The control of state aids is in the hands of the European Commission, without Member States’ participation in the decision; an unusual delegation of power in the EU. This is to ensure that there is an independent body to look at what a Member State is doing in the form of state support to business, to detect any breaches of the rules and to require the repayment of any monies which a state has wrongly disbursed to an enterprise. The benefits are not necessarily cash grants. They can be in the form of fiscal exemptions or phoney loans; all are affected. If the Commission decides that an aid granted by a state is not compatible with the internal market, it can require the state concerned to alter or abolish the grant. Should a Member State refuse to comply, it can be referred to the Court of Justice either by the Commission or by another Member State which is affected (Article 88).

If the Commission proposes to ban a state aid, that country can take the issue to the Council, but any decision to overrule the Commission and say that the aid in question is admissible can only be taken by unanimity.

Monopolies & Cartels

The abuse of dominant position in the market is expressly prohibited by the Treaty. Anti-competitive agreements among enterprises, for example price-fixing, market sharing and discriminating against particular outlets are likewise prohibited. There are some exemptions, where the practices can benefit consumers.

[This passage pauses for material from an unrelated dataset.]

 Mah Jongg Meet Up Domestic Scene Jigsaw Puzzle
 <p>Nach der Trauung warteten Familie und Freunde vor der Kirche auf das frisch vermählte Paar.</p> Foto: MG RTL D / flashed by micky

A number of actual or potential monopolies have been prohibited by the Commission, for example the block exemption in favour of agreements between car makers and their official distributors. The bloc exemption enables suppliers to support their dealer networks in different ways, for example through discounts and by granting exclusive sales areas. The rules were considerably liberalised by a 2002 directive with the aim of making car dealing more competitive and thus cutting prices to the consumer.

Mergers & Acquisitions

The third branch of competition policy is the area of mergers and acquisitions. Proposed mergers above a certain size of asset value and market share must be referred to the Commission, which has the power to block them or impose conditions on the deal. The merging of two ex-competitors into one business raises questions about the effects on consumers and the dominance of the new enterprise in the market. These questions have become particularly relevant with the rising tide of mergers and acquisitions which has followed the introduction of the Single Market, the adoption of the single currency and the increasing pace of globalisation.

The rules relating to mergers have been revised within the last five years, with a new Council regulation governing the process in force from May 2004. These reforms included a substantial rewording of the assessment test for mergers which clarified the law so that it was clear that all post-merger scenarios posing a threat to competition are covered by the test. Whilst that aspect of the law was toughened, other aspects were streamlined to reduce the burden on business and to make it possible for companies to seek Commission approval for a proposed merger without a binding agreement to proceed.


The Treaties are sometimes criticized for giving the Commission the role of prosecutor and judge at once. Although it takes the initial decisions on breaches of competition law and imposes the penalties, the Commission operates within a legal framework, which is itself carefully controlled.

An action which the Commission intends to take against a firm or group of firms can be stopped in its tracks by the Hearings Officers, officials independent of the Commission’s Directorate-General of Competition, who report directly to the Competition Commissioner. A Commission finding and the imposition of a penalty on an enterprise can be the subject of an appeal to the European Court of Justice, which will scrutinise both the alleged facts and the procedure used. Decisions of the Commission have quite often been set aside by the Court but in notable cases like that of Microsoft they have been upheld.

The competition rules under the Treaty and the powers given to the Commission are quite similar, but not identical, to the powers of the competition authorities in the US and in some other advanced economies.

Prepared April 2006; revised September 2007.